The task of sentencing a criminal offender is never simple for federal courts. Numerous considerations must be taken into account before sentencing. One of them is the loan amount in a PPP loan scam instance. The government’s capacity to recoup the riches obtained illegally is another.

*Pro-Tip: To learn more about the federal sentencing procedure, click on this recent piece from the Prison Professor’s blog (and the internal connections inside). A case study of PPP loan fraud.

Ganell Tubbs, a woman who admitted to defrauding a $2 million PPP loan, was sentenced to 41 months in prison by the sentencing court. The remarks made by Judge Brian Miller during the sentencing hearing offer some insight into the judge’s potential perspective on the special or mitigating circumstances of a PPP loan fraud defendant.

The Judge acknowledged that it was challenging for him to decide on Tubbs’ sentence, which included a $1 million fine and a maximum prison term of 30 years. Tubbs claimed nearly $2 million in PPP loans for unqualified enterprises. In addition to paying off personal debts and educational loans, Tubbs bought a variety of products and services using the loan profits.

Judge Miller stated that all but $14,000 of the loan funds were recovered by the government after it swiftly discovered the deception. However, he was unable to completely excuse Tubbs for this.

Should Miss Tubbs benefit from the government’s fast discovery of the problem? Why did the bank give Tubbs the loans with with little to no documentation, Judge Miller questioned aloud.

Judge Miller stated, “On the other side of that equation, she walked in and cheated them.” It was a terrible deception, yet she actually entered and carried it out. 
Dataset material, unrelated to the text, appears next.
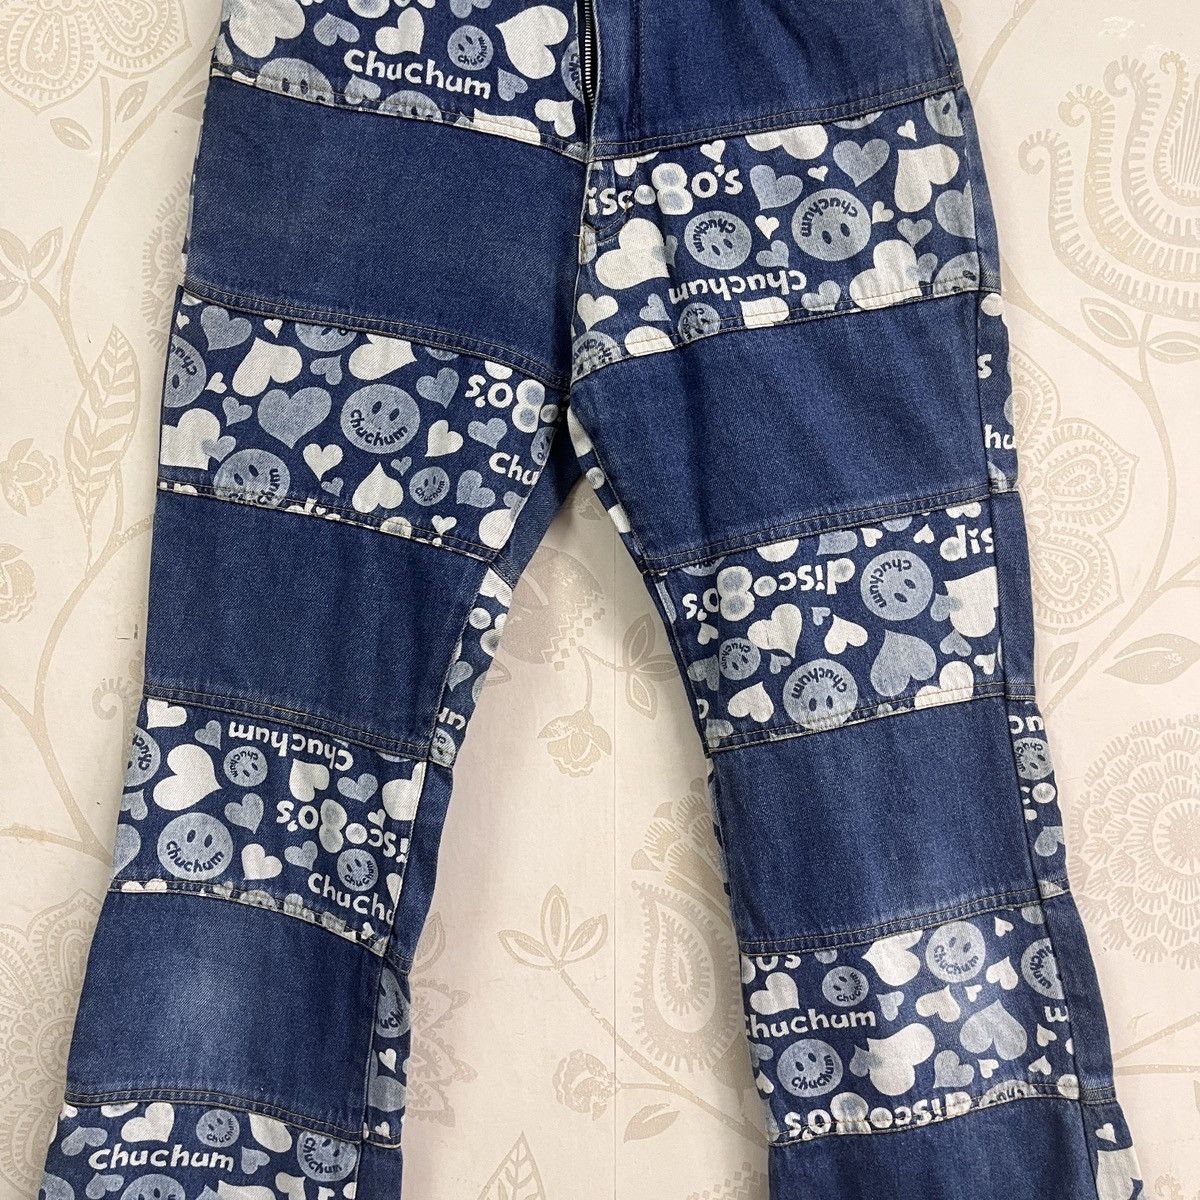 Vintage - Hysteric Flared Chuchum Full Printed Patches Denim Jeans - 9

The Judge took Tubbs’ lack of a criminal record into consideration. She hasn’t exactly been prowling the streets robbing people for the past ten years, he remarked. “For some people, three years in prison are equivalent to 20 years. Some people can spend years in prison and get them over with ease. It is a really difficult situation for someone like Miss Tubbs.

Based on Tubbs’ lack of past criminal history and her prompt admission of guilt, Judge Miller gave Tubbs a sentence that was lower than the proposed 41–51 month jail term in the sentencing guidelines.
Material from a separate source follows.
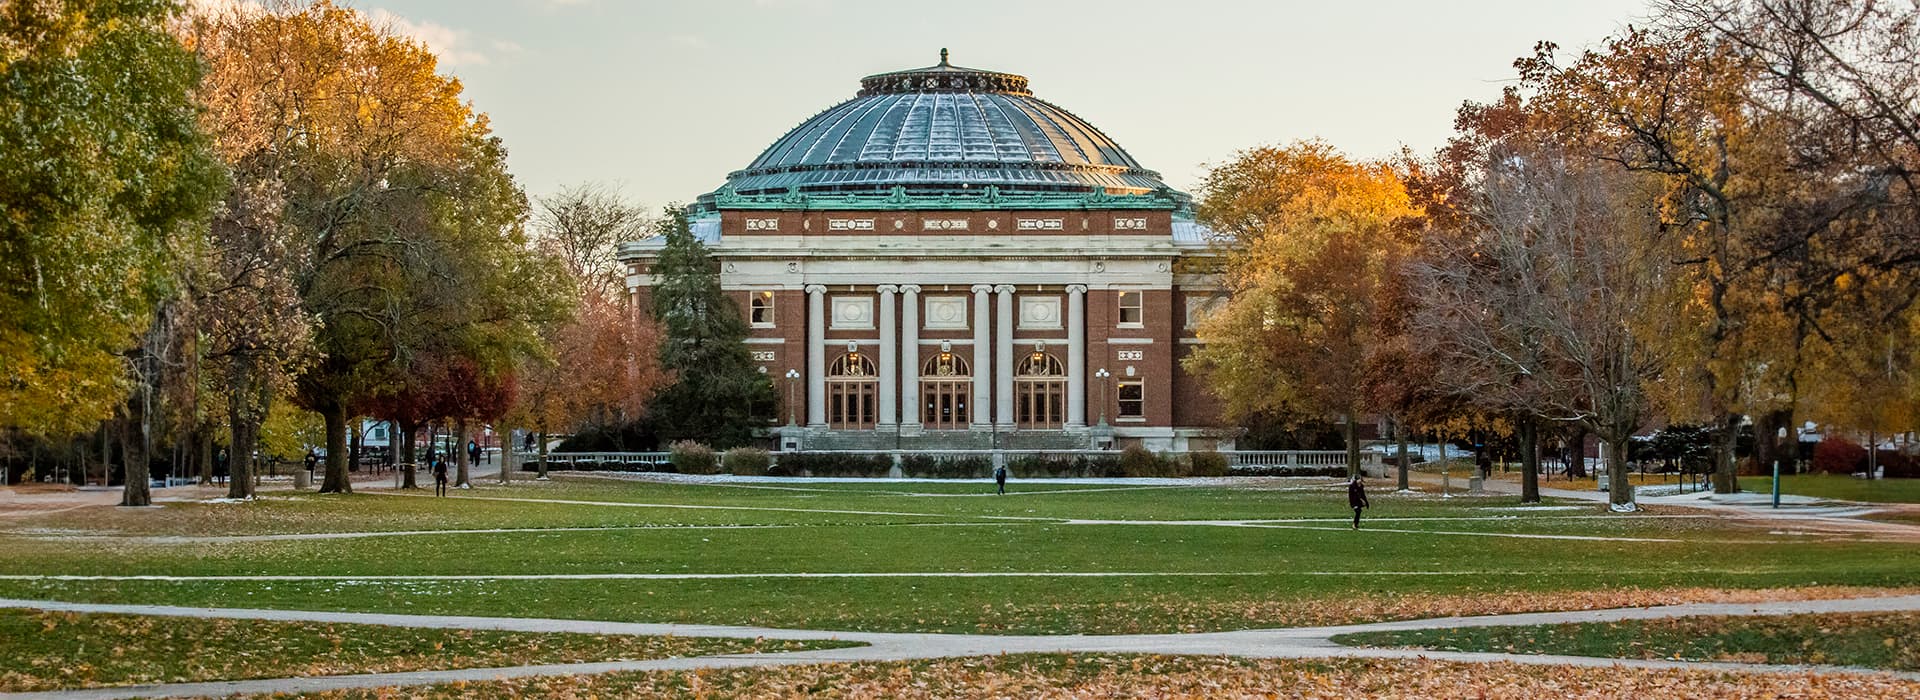 Foellinger Auditorium is located on the south end of the University of Illinois at Urbana-Champagin quad.

The Tubbs case demonstrates how a federal sentencing judge weighs various considerations before deciding on a sentence in a case of PPP loan fraud. 
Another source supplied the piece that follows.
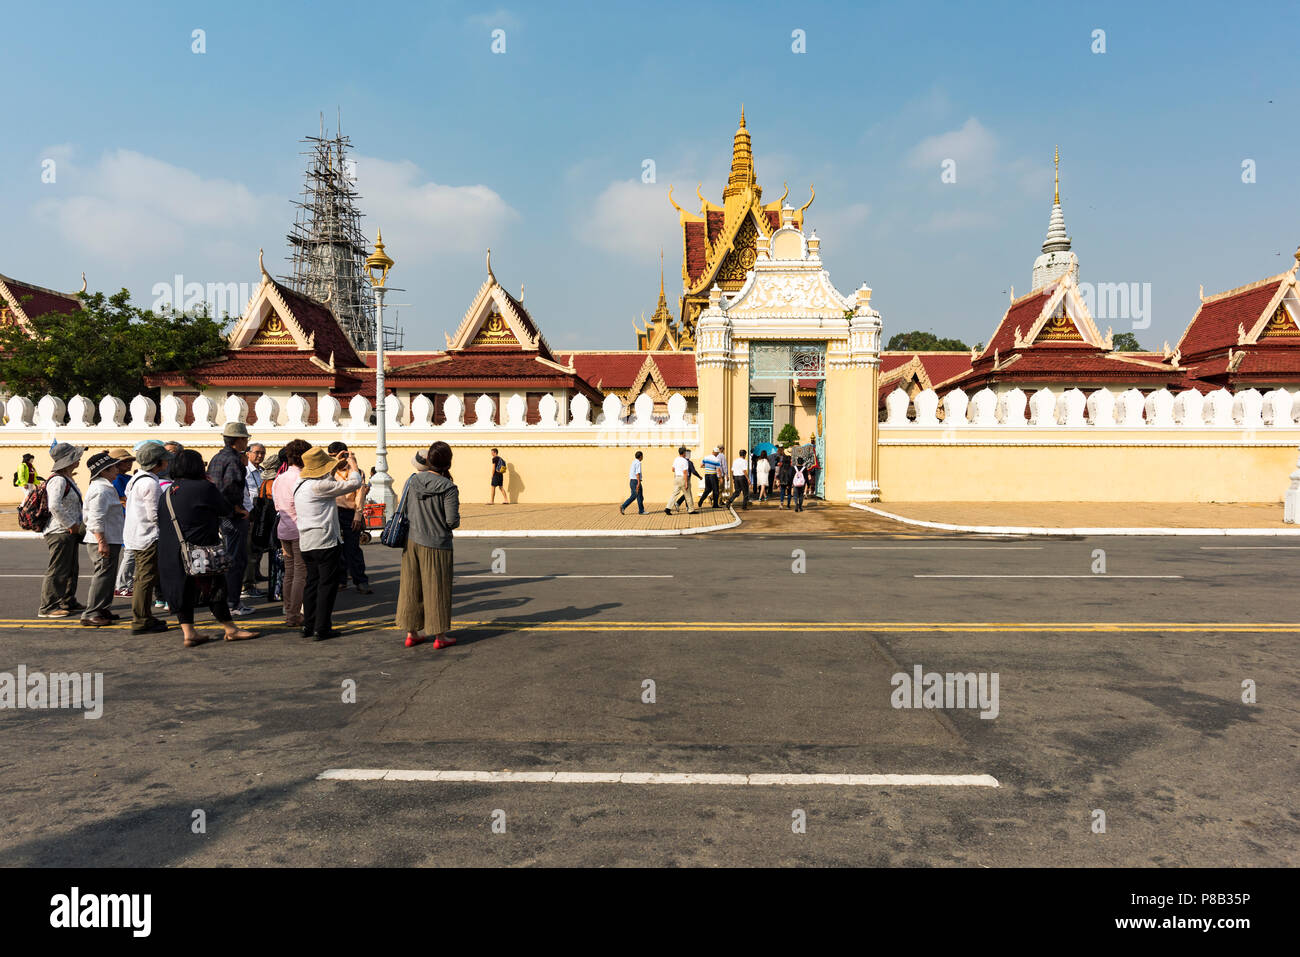 Entrance of The Royal Palace in Phnom Penh with many tourists, Cambodia Stock Photo

PersonLocationLoan AmountSentence
Joseph CherryVirginia$200,00051 months
Tarik JaafarVirginia$6.6 million12 months
Nadine Consuelo JacksonOhio$2.5 million24 months
Gannel TubbsArkansas$2 million41 months
Dennes GarciaFlorida $285,74218 months
Fahad ShahTexas$3.3 million31 months
David Adler StaveleyMass. $543,00048 months
Richard AyvazyanCalifornia$20 million+ Conspiracy17 years
Marietta TerabelianCalifornia$20 million+ conspiracy72 months/6 years
Artur AyvazyanCalifornia$20 million+ conspiracy5 years
David T. HinesFlorida$3.9 million6 years+
Andre ClarkAndre Clark$7.2 million33 months
Maurice FayneGeorgia$3.7 million17 years
Mukund MohanWashington$5.5 million24 months/2 years
Matthew Jason WelchMontana $35,00090 Days Time-Served/5 years Probation
Cindi DentonCalifornia$491,3106 months in prison/12 months home confinement
Thomas SmithWisconsin$1.2 million57 months
Andrew TenzaVirginia$350,00018 months
Manuk GrigoryanCalifornia$20+ million6 years
 Edvard ParonyanCalifornia$20+ million30 months
Vahe DadyanCalifornia$20+ million1 year and a day months
Arman HayrapetyanCalifornia$20+ million10 months probation
Sam FiedlerArizona $638,0008 months
Miranda DevlinCalifornia$368,00018 months

Should $10K or $20K PPP Loan Fraud Not Require Any Jail Time?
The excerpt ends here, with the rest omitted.